■ RAW DATA:
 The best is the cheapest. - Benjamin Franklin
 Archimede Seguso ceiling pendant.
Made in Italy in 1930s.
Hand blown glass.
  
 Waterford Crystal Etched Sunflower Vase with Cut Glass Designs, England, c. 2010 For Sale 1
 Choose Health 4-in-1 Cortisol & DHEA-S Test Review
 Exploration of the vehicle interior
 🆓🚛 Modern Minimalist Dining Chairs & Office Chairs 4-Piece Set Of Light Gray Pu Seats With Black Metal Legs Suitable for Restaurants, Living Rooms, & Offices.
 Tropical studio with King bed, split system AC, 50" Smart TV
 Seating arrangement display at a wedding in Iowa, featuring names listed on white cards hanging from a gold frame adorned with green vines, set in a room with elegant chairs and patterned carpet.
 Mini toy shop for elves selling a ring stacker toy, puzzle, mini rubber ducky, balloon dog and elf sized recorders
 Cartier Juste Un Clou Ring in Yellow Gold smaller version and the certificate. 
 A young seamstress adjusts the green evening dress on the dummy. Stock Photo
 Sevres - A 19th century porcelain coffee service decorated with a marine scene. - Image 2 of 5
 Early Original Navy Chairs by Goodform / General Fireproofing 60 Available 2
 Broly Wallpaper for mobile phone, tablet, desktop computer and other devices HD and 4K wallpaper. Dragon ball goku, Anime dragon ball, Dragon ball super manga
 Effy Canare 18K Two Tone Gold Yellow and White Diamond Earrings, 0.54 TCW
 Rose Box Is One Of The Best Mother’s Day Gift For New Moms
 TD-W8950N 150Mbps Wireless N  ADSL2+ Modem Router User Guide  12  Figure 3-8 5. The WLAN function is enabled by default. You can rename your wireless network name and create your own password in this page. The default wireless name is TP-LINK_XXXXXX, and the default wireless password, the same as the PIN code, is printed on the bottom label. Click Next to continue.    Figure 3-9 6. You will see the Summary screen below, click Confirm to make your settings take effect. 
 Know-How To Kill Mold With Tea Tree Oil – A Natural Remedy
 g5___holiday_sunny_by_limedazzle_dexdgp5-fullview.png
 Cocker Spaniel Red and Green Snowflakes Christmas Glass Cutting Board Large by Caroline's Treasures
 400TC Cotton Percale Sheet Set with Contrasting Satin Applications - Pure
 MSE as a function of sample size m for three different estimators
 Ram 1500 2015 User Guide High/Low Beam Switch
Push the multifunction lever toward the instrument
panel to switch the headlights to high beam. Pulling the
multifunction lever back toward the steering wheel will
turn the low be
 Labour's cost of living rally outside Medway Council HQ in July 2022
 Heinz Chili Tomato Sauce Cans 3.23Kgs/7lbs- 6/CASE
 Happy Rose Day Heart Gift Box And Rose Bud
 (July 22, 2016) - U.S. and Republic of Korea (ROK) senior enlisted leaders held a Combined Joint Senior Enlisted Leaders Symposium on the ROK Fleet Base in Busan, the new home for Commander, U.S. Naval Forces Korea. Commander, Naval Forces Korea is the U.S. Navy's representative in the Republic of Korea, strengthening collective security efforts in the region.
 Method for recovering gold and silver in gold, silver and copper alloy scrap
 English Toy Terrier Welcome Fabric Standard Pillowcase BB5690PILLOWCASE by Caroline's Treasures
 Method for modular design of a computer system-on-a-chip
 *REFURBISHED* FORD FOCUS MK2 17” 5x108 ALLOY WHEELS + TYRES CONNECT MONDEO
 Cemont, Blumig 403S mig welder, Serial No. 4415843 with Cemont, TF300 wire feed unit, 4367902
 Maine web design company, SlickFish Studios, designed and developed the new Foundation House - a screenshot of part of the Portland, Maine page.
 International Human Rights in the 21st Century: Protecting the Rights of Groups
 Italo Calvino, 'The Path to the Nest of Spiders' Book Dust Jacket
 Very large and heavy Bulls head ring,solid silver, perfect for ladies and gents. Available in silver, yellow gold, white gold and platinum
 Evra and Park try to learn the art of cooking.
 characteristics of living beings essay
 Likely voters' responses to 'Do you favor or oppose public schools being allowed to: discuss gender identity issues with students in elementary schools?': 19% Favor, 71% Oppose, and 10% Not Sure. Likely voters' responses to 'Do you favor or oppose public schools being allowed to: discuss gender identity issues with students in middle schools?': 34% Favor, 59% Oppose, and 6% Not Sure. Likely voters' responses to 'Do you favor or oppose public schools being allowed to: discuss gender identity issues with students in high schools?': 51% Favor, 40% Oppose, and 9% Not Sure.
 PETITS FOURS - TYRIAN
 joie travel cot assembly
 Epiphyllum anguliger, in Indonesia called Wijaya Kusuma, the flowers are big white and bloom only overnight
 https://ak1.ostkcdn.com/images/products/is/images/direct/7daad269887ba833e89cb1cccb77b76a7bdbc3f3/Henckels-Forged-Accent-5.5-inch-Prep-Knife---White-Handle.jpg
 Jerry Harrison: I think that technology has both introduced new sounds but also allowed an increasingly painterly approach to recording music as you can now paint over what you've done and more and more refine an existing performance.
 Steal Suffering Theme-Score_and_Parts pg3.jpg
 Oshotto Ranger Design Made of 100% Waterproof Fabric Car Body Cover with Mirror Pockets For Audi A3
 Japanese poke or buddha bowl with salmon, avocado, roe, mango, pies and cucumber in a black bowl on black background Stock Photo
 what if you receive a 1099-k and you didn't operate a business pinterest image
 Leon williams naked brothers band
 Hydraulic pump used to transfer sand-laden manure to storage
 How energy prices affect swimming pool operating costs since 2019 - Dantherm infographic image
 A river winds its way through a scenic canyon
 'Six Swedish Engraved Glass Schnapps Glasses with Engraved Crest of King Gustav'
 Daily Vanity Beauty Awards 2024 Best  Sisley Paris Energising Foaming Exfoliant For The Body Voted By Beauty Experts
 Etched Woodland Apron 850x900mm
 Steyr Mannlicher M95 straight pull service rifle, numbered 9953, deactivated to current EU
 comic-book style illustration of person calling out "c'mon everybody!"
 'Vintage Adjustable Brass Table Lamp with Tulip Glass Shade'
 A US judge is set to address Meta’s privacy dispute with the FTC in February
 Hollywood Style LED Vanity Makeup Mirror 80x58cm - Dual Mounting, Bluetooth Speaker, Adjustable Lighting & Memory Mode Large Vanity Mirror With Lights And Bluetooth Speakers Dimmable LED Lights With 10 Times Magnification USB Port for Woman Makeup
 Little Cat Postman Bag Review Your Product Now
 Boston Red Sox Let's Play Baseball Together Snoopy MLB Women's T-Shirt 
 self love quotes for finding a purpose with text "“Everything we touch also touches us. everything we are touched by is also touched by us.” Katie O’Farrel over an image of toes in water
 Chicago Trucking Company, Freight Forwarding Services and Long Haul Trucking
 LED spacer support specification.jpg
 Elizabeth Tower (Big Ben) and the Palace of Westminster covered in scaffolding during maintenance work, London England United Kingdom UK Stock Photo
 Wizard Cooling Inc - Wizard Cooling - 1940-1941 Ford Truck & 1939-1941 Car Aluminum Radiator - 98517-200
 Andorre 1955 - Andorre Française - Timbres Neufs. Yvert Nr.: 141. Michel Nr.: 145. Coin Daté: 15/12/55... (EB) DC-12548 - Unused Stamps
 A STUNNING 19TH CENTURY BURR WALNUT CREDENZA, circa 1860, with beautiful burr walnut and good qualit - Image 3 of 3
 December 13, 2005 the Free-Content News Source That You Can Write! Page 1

■ EXERCISE DIRECTIONS:
If a line contains the word "Fabric", it counts; say how many such lines the records hold, and give only that number.

■ TASK ANSWER:
2